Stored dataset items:
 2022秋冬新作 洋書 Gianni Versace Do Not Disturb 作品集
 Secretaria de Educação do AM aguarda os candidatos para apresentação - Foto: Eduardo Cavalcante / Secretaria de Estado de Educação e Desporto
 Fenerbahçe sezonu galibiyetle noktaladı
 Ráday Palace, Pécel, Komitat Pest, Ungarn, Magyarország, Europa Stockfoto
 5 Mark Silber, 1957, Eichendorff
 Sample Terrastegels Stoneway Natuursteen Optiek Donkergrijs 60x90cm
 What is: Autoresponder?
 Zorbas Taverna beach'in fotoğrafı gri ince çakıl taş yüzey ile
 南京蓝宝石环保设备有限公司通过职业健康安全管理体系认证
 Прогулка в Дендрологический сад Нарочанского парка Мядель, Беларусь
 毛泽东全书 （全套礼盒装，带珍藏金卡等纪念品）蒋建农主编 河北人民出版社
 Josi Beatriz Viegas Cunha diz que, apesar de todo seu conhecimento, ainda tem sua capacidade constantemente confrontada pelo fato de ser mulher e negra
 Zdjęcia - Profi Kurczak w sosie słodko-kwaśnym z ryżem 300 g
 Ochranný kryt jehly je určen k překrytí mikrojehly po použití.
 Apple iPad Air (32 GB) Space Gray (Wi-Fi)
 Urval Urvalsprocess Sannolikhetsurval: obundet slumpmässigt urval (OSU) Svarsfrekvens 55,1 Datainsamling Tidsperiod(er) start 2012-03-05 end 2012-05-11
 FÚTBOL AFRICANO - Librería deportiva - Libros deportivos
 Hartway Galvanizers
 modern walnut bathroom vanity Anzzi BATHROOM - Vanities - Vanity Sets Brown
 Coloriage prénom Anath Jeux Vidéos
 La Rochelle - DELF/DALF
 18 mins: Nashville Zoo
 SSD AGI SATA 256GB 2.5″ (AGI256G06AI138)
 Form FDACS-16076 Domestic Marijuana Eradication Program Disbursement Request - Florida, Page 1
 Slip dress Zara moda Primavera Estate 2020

_Exercise aim_.
Each record above needs to be given again exactly as written.

_Answer section_.
 2022秋冬新作 洋書 Gianni Versace Do Not Disturb 作品集
 Secretaria de Educação do AM aguarda os candidatos para apresentação - Foto: Eduardo Cavalcante / Secretaria de Estado de Educação e Desporto
 Fenerbahçe sezonu galibiyetle noktaladı
 Ráday Palace, Pécel, Komitat Pest, Ungarn, Magyarország, Europa Stockfoto
 5 Mark Silber, 1957, Eichendorff
 Sample Terrastegels Stoneway Natuursteen Optiek Donkergrijs 60x90cm
 What is: Autoresponder?
 Zorbas Taverna beach'in fotoğrafı gri ince çakıl taş yüzey ile
 南京蓝宝石环保设备有限公司通过职业健康安全管理体系认证
 Прогулка в Дендрологический сад Нарочанского парка Мядель, Беларусь
 毛泽东全书 （全套礼盒装，带珍藏金卡等纪念品）蒋建农主编 河北人民出版社
 Josi Beatriz Viegas Cunha diz que, apesar de todo seu conhecimento, ainda tem sua capacidade constantemente confrontada pelo fato de ser mulher e negra
 Zdjęcia - Profi Kurczak w sosie słodko-kwaśnym z ryżem 300 g
 Ochranný kryt jehly je určen k překrytí mikrojehly po použití.
 Apple iPad Air (32 GB) Space Gray (Wi-Fi)
 Urval Urvalsprocess Sannolikhetsurval: obundet slumpmässigt urval (OSU) Svarsfrekvens 55,1 Datainsamling Tidsperiod(er) start 2012-03-05 end 2012-05-11
 FÚTBOL AFRICANO - Librería deportiva - Libros deportivos
 Hartway Galvanizers
 modern walnut bathroom vanity Anzzi BATHROOM - Vanities - Vanity Sets Brown
 Coloriage prénom Anath Jeux Vidéos
 La Rochelle - DELF/DALF
 18 mins: Nashville Zoo
 SSD AGI SATA 256GB 2.5″ (AGI256G06AI138)
 Form FDACS-16076 Domestic Marijuana Eradication Program Disbursement Request - Florida, Page 1
 Slip dress Zara moda Primavera Estate 2020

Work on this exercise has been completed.